I've been casting about in my music collection, seeking Just The Right Thing. I seek Metal To Kick Ass By. Not that I want to kick anyone's ass in particular. I'm not even in a bad mood. I just feel the need to listen to Metal To Kick Ass By. There are times when it becomes necessary to lay the pretensions and boundaries of civilization aside and listen to the sort of music the Germans might have listened to before killing 20,000 Roman soldiers in the Teutoberger Wald.

Not all metal is suitable for this purpose. Black metal has a cold, evil tone, but it doesn't sound particularly violent or aggressive. In many cases it sounds thin and "wiry", which I think was an acoustic accident in the early days of Darkthrone and later became a stylistic element as ubiquitous as corpsepaint (ironically, the first Mayhem album sounds much richer than "Transilvanian Hunger", but there's no fighting progress). Mind you, I like black metal, but I don't find that it appeases the Inner Teuton much at all.

I'm also greatly fond of melodic death metal in most of its forms, especially Insomnium and including the quasi-pop schtuff like In Flames. It's moderately aggressive (a review of an Insomium concert concluded that they "left no ass unkicked") but it's not stupendously so.

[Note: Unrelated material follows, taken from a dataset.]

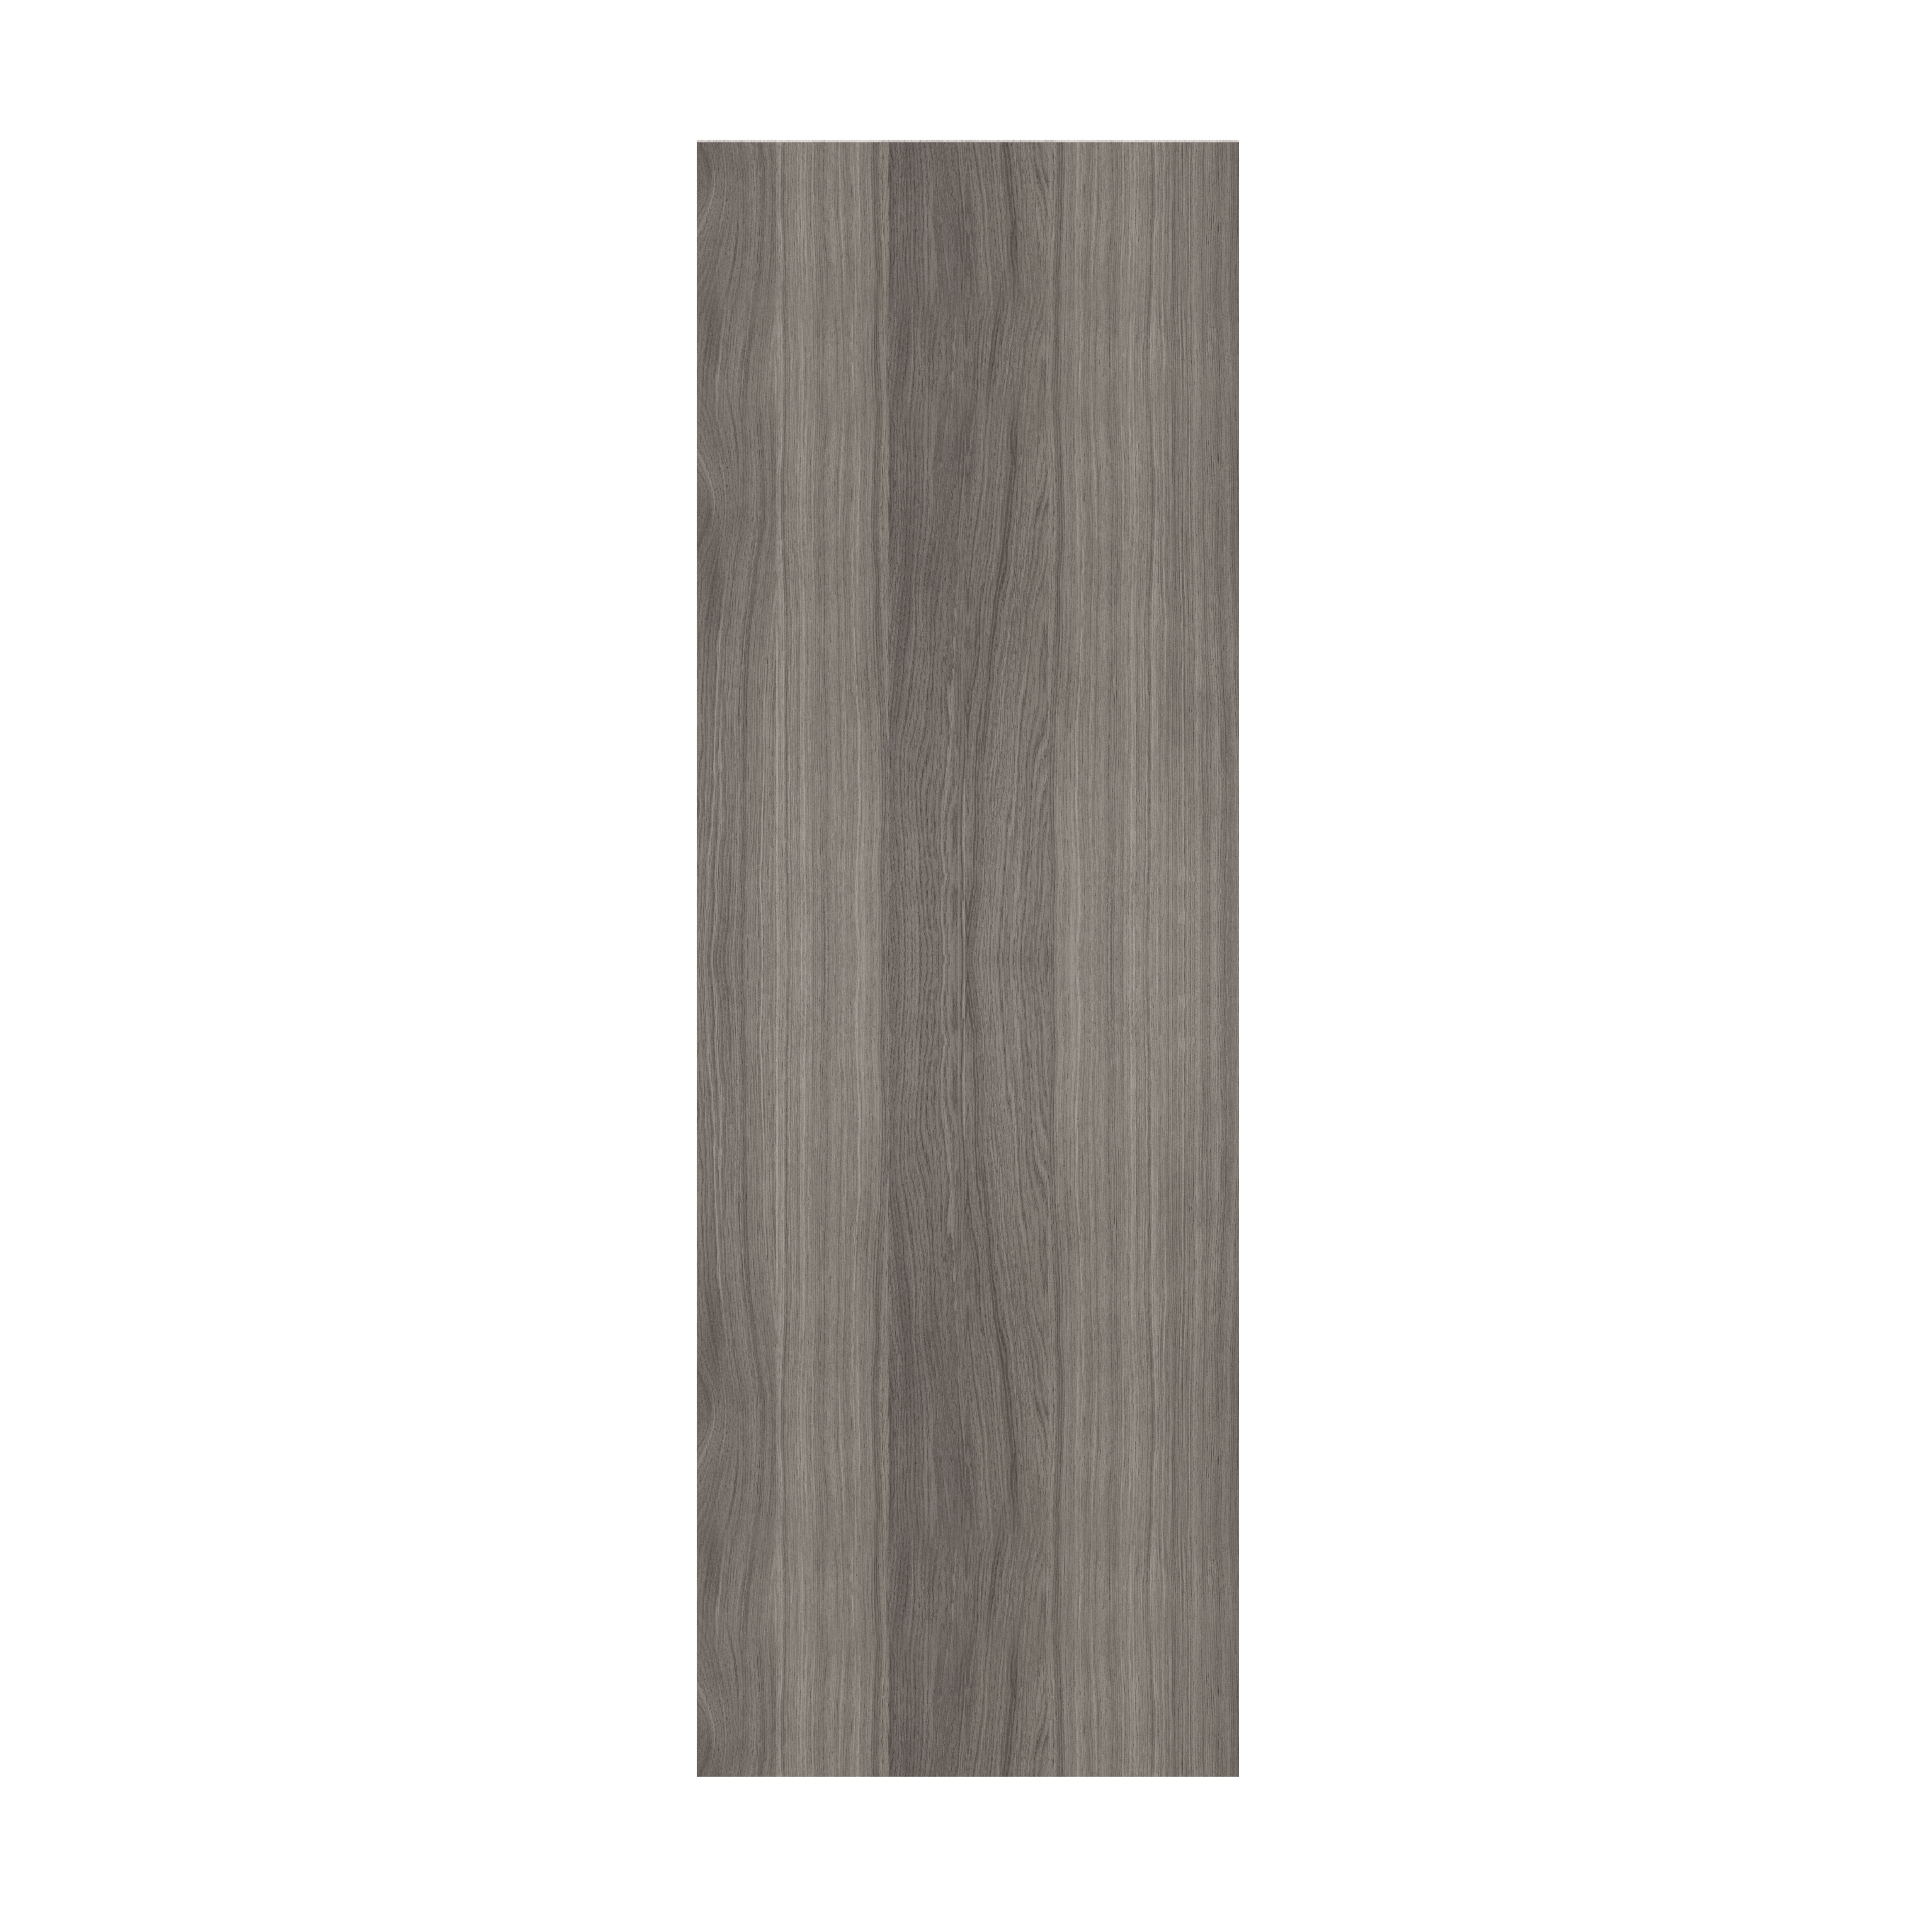 GoodHome Atomia Matt Grey oak effect Non-mirrored Modular furniture door, (H) 1497mm (W) 497mm

Too many melodic breaks, too many keyboard washes, too much discipline to get stuck in a riff that would make Nathan Explosion nod. I'm reminded of Still Moving Sinews by Dark Tranquility. I think it's positively brilliant until 0:41 elapsed, when all of a sudden the bottom drops out and the thing hacks and spits like a Poppin' Johnnie at idle. I love my melodic death metal (or Karelian Metal, or whatever they're calling these days) but it doesn't really defeat the legionary, if you get my drift, and to extend the Teutoberger Wald motif.

Sometimes metalcore can get the job done, but I don't have a large metalcore collection and the only real metalcore album I have, "Sounding the Seventh Trumpet", never quite seems to go over the top. I like it, in particular for its narrative thread and for its interesting mixture of styles and textures, but Hatebreed it aint, and it doesn't take long for that monotonous hoarse shouting to grow old on me.

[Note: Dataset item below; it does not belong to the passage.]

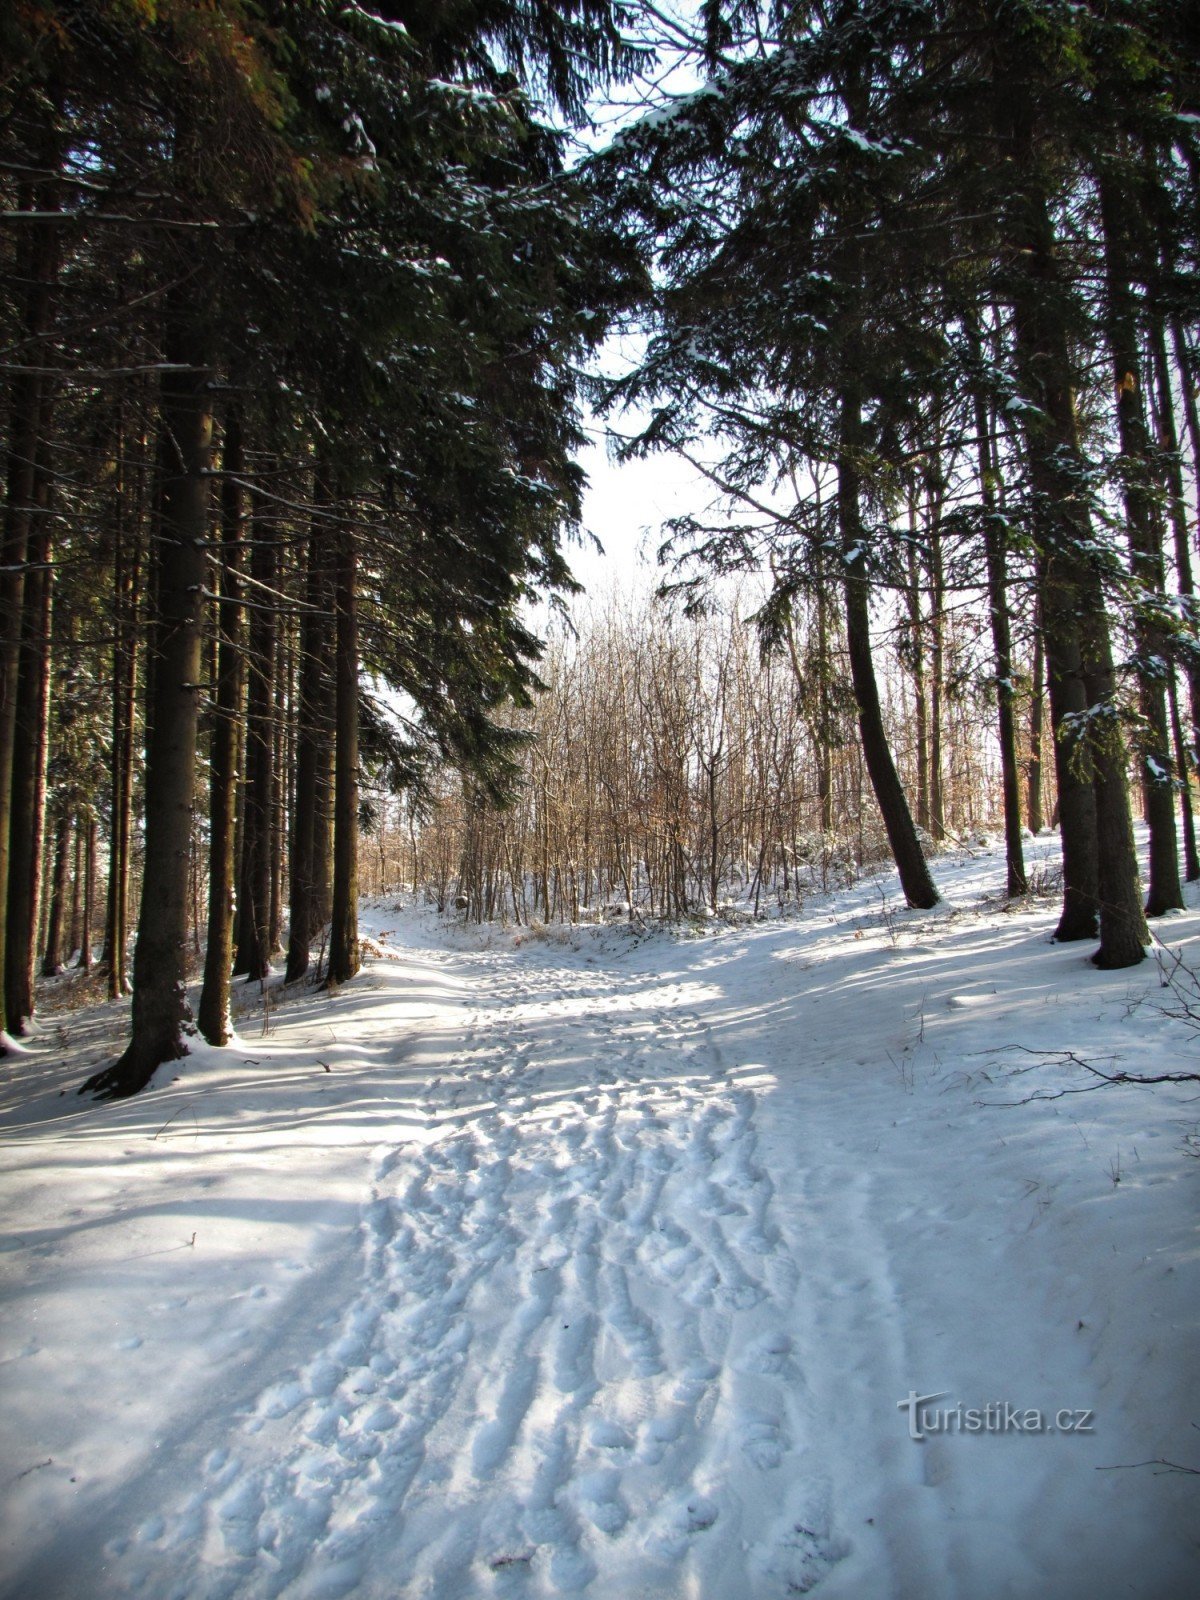 entlang des verschneiten Kamms in Richtung Vartovna

I'm not a fan of Florida death metal.

So when one desires Metal To Kick Ass By, one must reach for the Carcass, its ancestor Carnage, and its by-product Dismember. The first two songs of "Necroticism: Descanting the Insalubrious" are usually enough to take care of my need for Ass-Kickin' Metal. How can one go wrong with Inpropagation and Corporeal Jigsore Quandary, two songs which amount to almost thirteen minutes of high-grade ass-kickery? That'll get your Teutonic tribesmen jumping, ja! Hell, even Carcass in its later death-and-roll phase is still pretty vigorous - clap ears on Rock The Vote someday. The story is that Carcass got tired of doing grindy death metal and changed styles, producing something that wasn't quite heavy enough for old fans, but too heavy for the mainstream, but it'll do for me, because I can't get enough of that "electric saw" guitar sound.

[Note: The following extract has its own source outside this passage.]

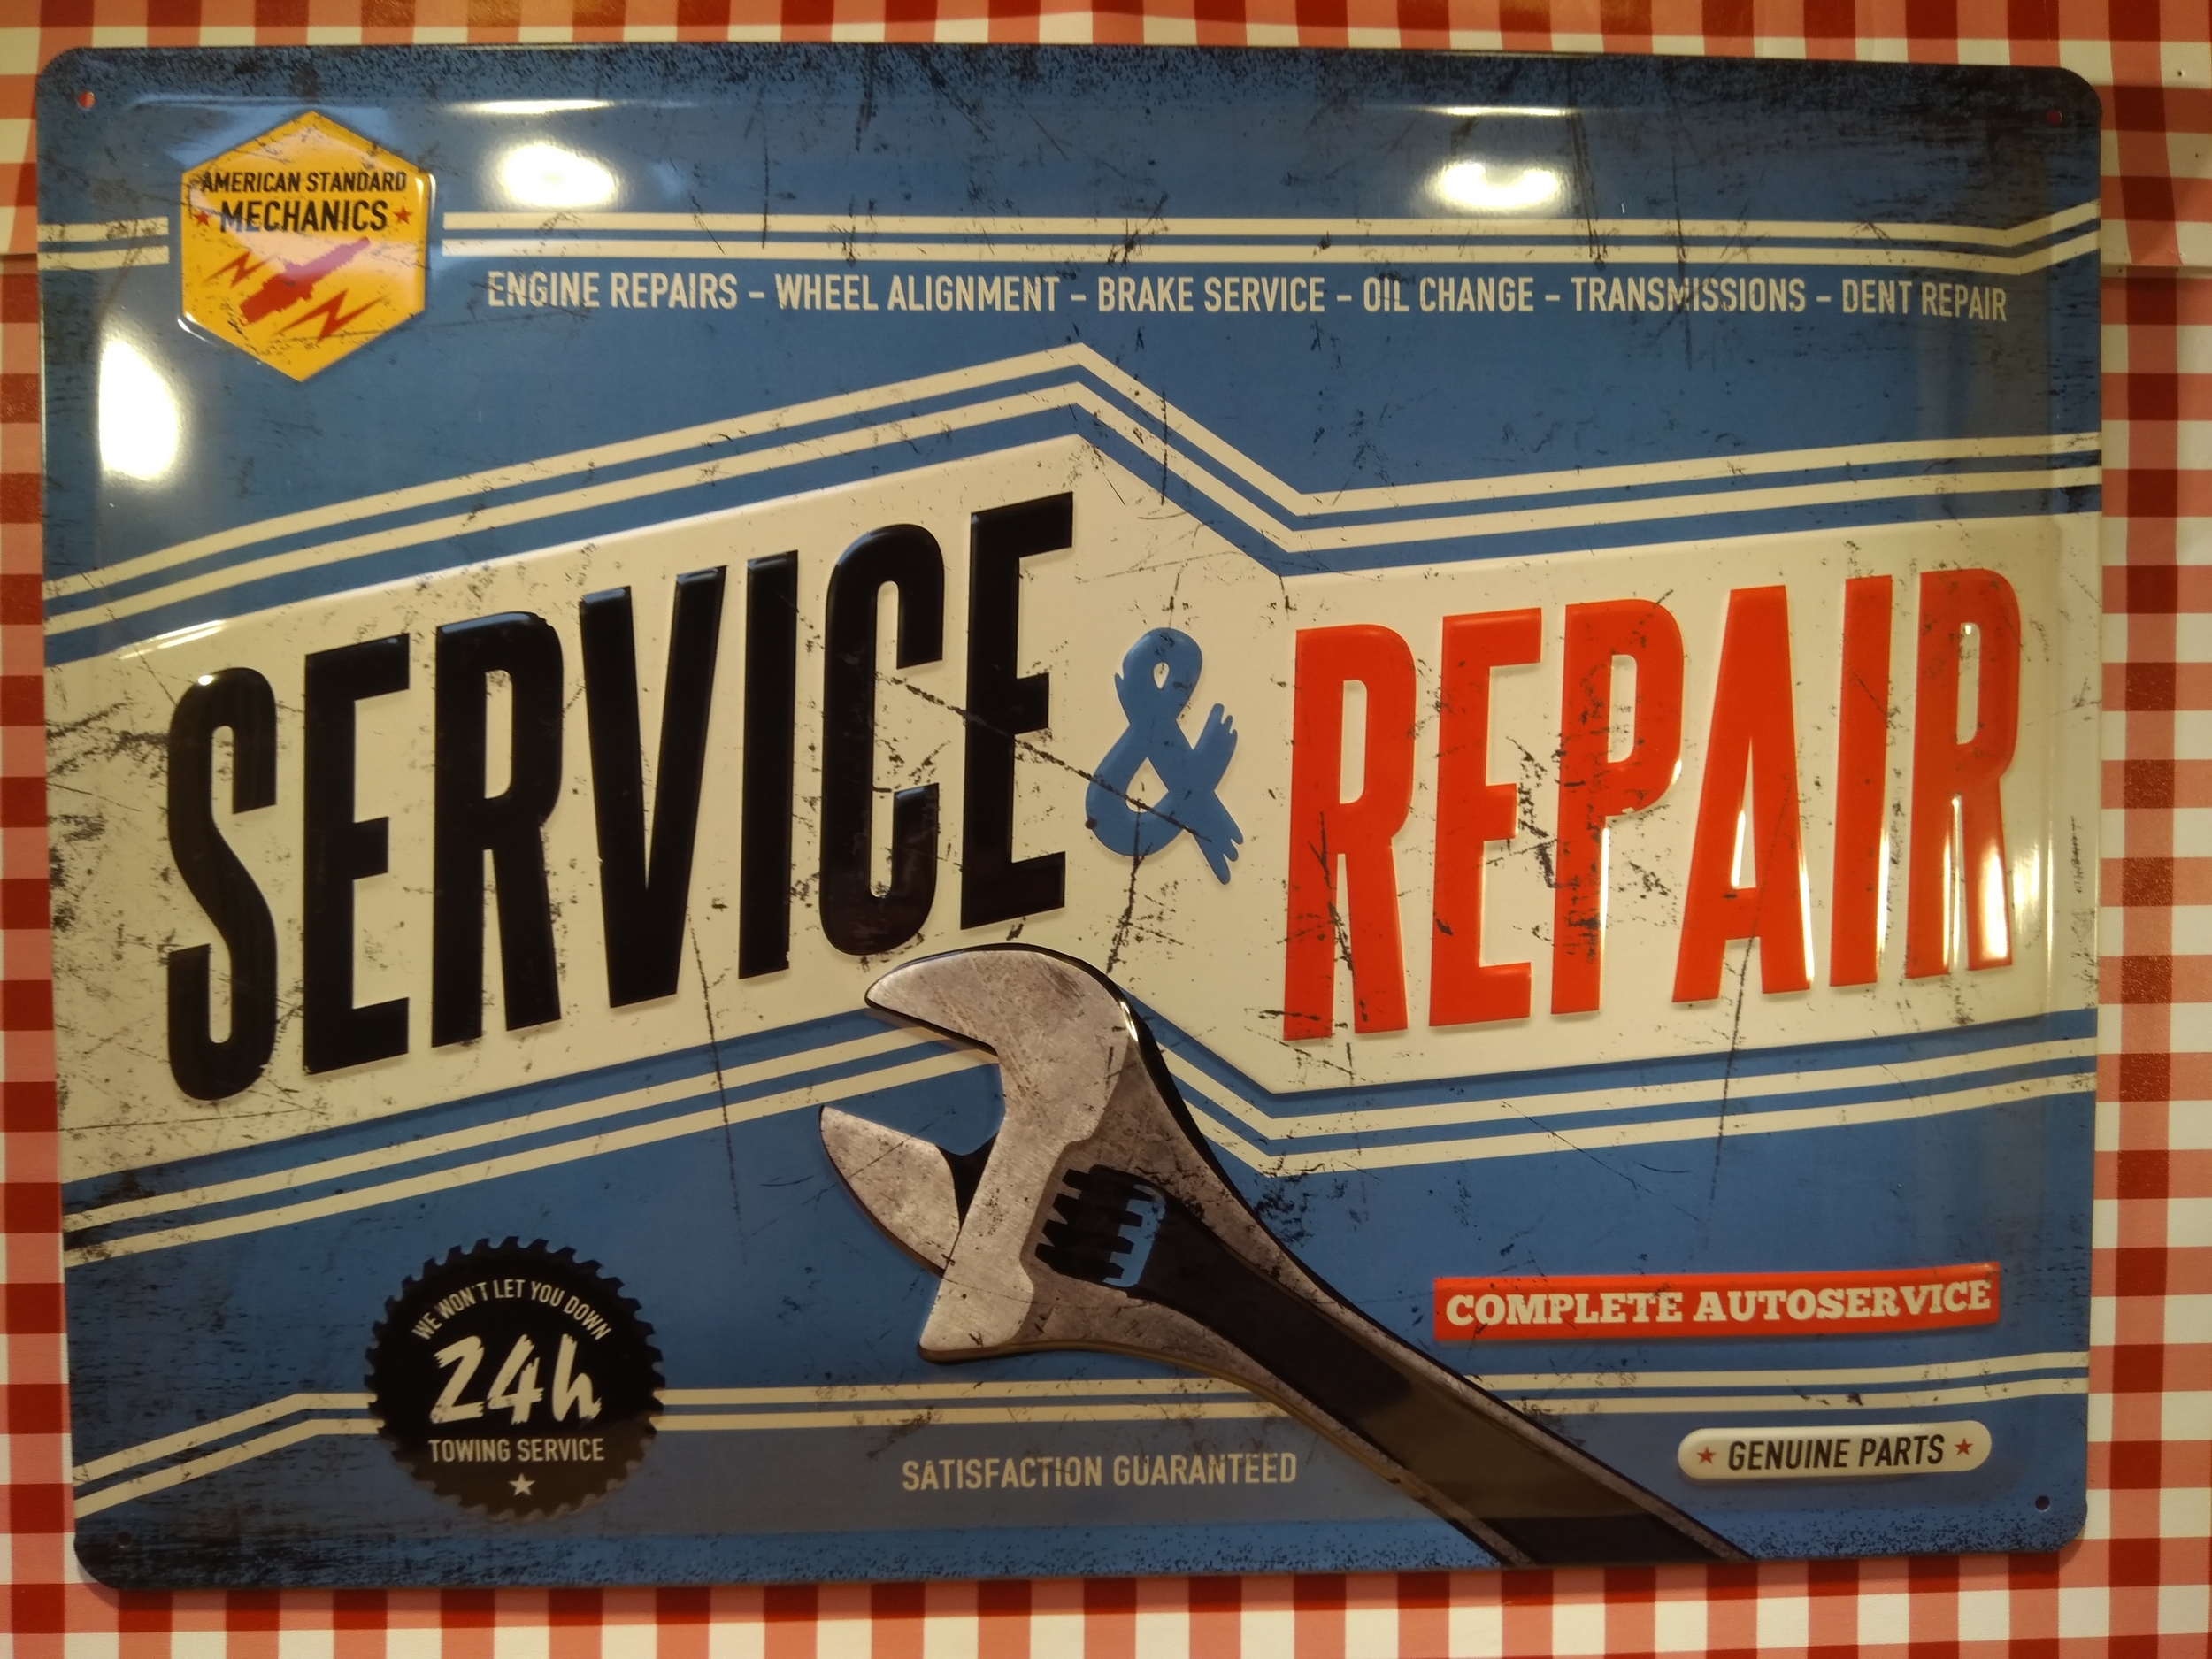 Plaque metal Pin-Up Garage Service Repair vieilli France

I don't listen to metal all the time. In fact, most of my real favorites aren't metal at all. If you asked me to quickly name my top ten favorite songs, the list would look something like this:

Dance With You (Bowling For Soup)
A Tale Untold (Robin Trower)
Twice Removed From Yesterday (Robin Trower)
Castle Walls (Styx)
Big Log (Viktor Krauss remake of Robert Plant)
Run Like Hell (Pink Floyd)
In the Groves of Death (Insomnium)
Adagio for Strings (Samuel Barber)
Cosmic Messenger (Jean-Luc Ponty)
Freeway Jam (Jeff Beck)
Why Me? (Planet P)

But when you're in a mood for ass-kicking music, I'm afraid that the likes of Jean-Luc Ponty and Styx just aren't going to get it done.